Они были здесь, и было их много. Я стала искать их взглядом, некоторые были в человеческих телах. Люди, которых нанимали, чтобы они пили, ели и купались знали, что должны быть готовы и к тому, что их на некоторое время позаимствуют. И я поняла, что среди тех, о ком я подумала сначала, что они мертвецки пьяны, были наши вечные господа. Они глядели в пустоту, подволакивали ноги, приоткрывали рты. Мне стало жутко.
Я знала, что еще больше их остается невидимыми. Где же Первая?
Я слышала, что однажды она тоже устраивала вечер в стилистике древнего Рима. Он был, однако, еще более тематическим. Она воспроизводила пир Гелиогабала с обязательной, финальной гибелью всех гостей в море цветов. Они все тогда перевоплотились в людей, чтобы почувствовать, как те умирают.
Орфей, когда узнал об этом, сказал, что с определенной точки зрения концепция представляется гуманной. Люди эти, в конце концов, не знали и не чувствовали, что погибают.
Я испугалась, что Первая захочет повторить нечто подобное сегодня, а я взяла с собой Медею, и мой Орфей, кроме того, останется без меня.
Я уже хотела рассказать Медее о том, что слышала про пиры Первой, чтобы она ушла отсюда поскорее, как рядом опустился Орест. Орест нежно сжал мою руку и вручил мне золотой кубок с вином, пахнущим медом и пряностями еще сильнее.
— Не мог смотреть,— сказал Орест.— Как такая задумчивая особа скучает, хоть вокруг и царит веселье.
В этой фразе было ровно столько самоиронии, чтобы она показалась обаятельной. Я взглянула на Медею и увидела, что она увлеченно рассказывает что-то Тесею. Должно быть, я и вправду задумалась. И Орест знал, что со мной такое бывает. Он частенько проявлял ко мне мужское внимание, приятное и ненавязчивое, и я даже считала, будто нравлюсь ему, а затем всякий раз разубеждалась в этом, увидев его с другой женщиной.
Орест был режиссером. Он снимал потрясающие короткометражные фильмы, в которых даже носящийся по ветру пакет казался символом такого одиночества, что хочется умереть. Себя я гениальной не считала, хотя, надо признать, определенный талант у меня действительно был, раз Сто Одиннадцатый обратил на меня внимание. Однако меня окружали люди, которые действительно творили нечто абсолютное — во всех смыслах.
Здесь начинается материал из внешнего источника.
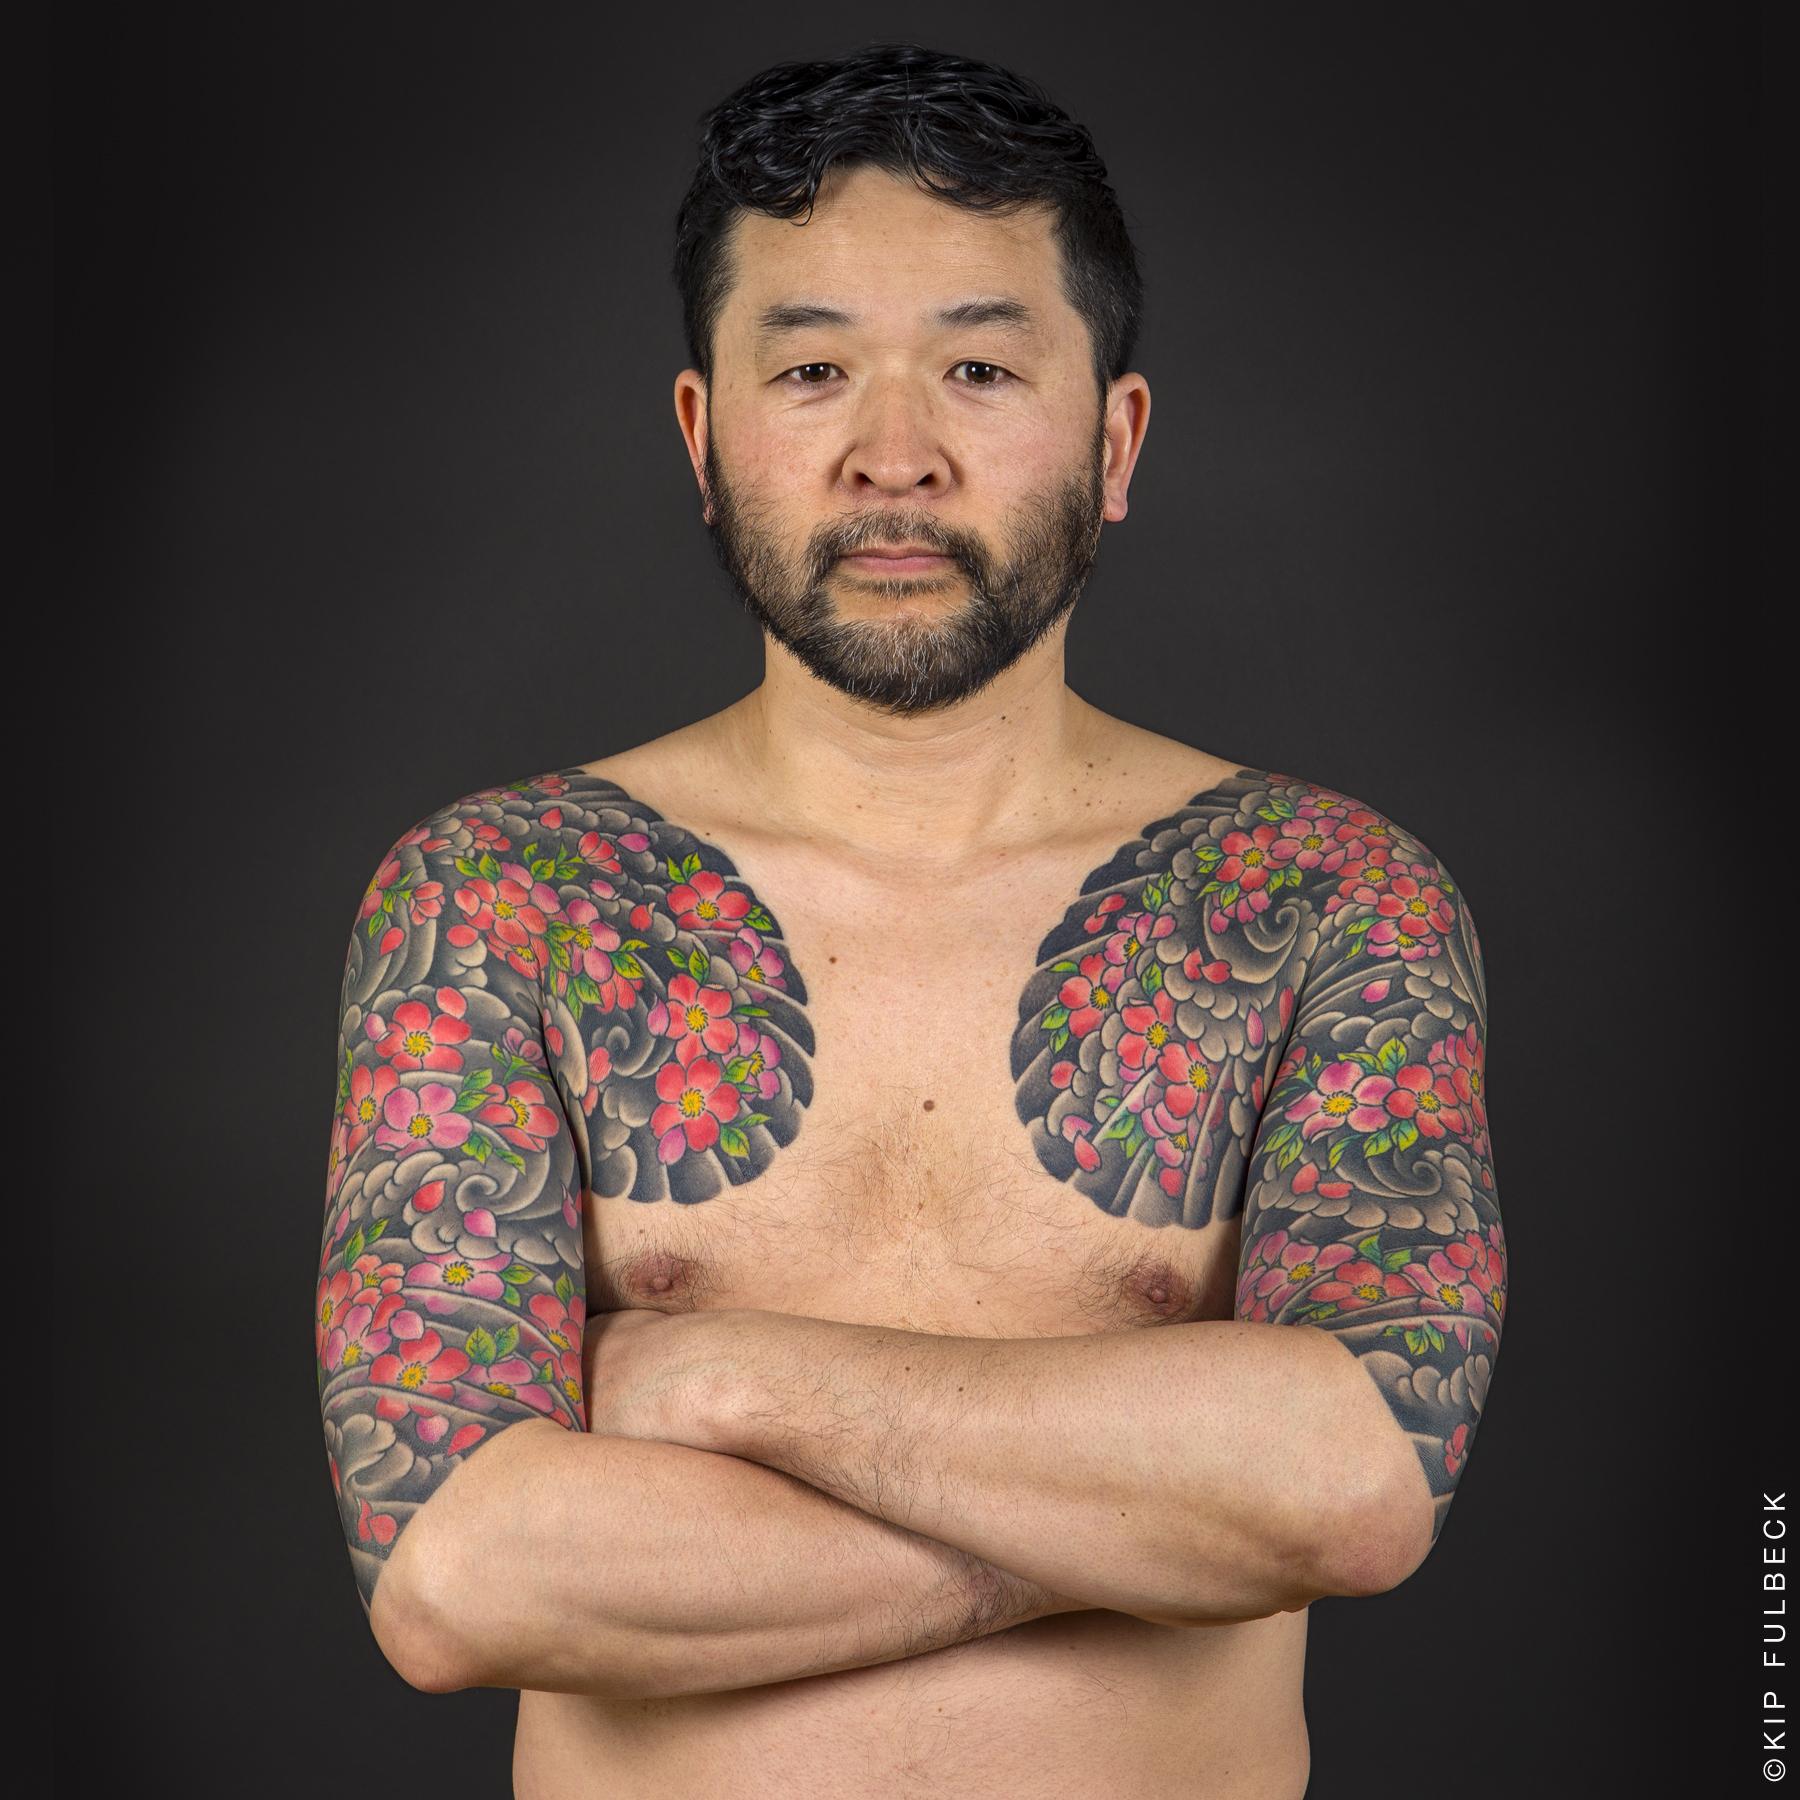 Tattoo by Yokohama Horiken. Photo by Kip Fulbeck

Орест был высокий и изящный молодой человек. Я знала, что он провел на Свалке некоторое время, а также, что он ведет не слишком здоровый образ жизни, что в наше время опаснее, чем в любой другой исторический период. Но ничто из того, что с Орестом происходило, словно бы не оставляло на нем никаких следов. Он всегда был весел, несколько манерен и обаятелен. Он, как и вторая питомица его хозяина, Артемида, был вынужден (хотя в случае Ореста это явно не то слово) играть в представителя высших парижских классов шестидесятых-семидесятых годов. Играл он, надо сказать, убедительно, не пропуская ни одной юбки и ни одного повода выпить.
Его спутница и соратница Артемида была моей хорошей подругой. И хотя она выглядела достаточно агрессивно, ей не хватало тонкой сигаретки, пастиса со льдом и маленькой собачки, чтобы довершить образ бессердечной парижской богачки. За счет этой нехватки диоровский нью-лук платьев Артемиды, черные перчатки, шляпки, норковые накидки, бриллиантовые кольца — все было лишь предвкушением ее надменной раздражительности, с которой никто никогда не сталкивался. И хотя черты лица Артемиды тоже сообщали некоторую злость то блеском зеленых глаз, то ярким изгибом губ, она, в конце концов, никогда не подтверждалась. Артемида была самым добрым человеком, которого я когда-либо знала. Вообще-то она играла в театре, причем всегда главные роли, но делала это без любви и счастья, хотя и нравилась своему хозяину.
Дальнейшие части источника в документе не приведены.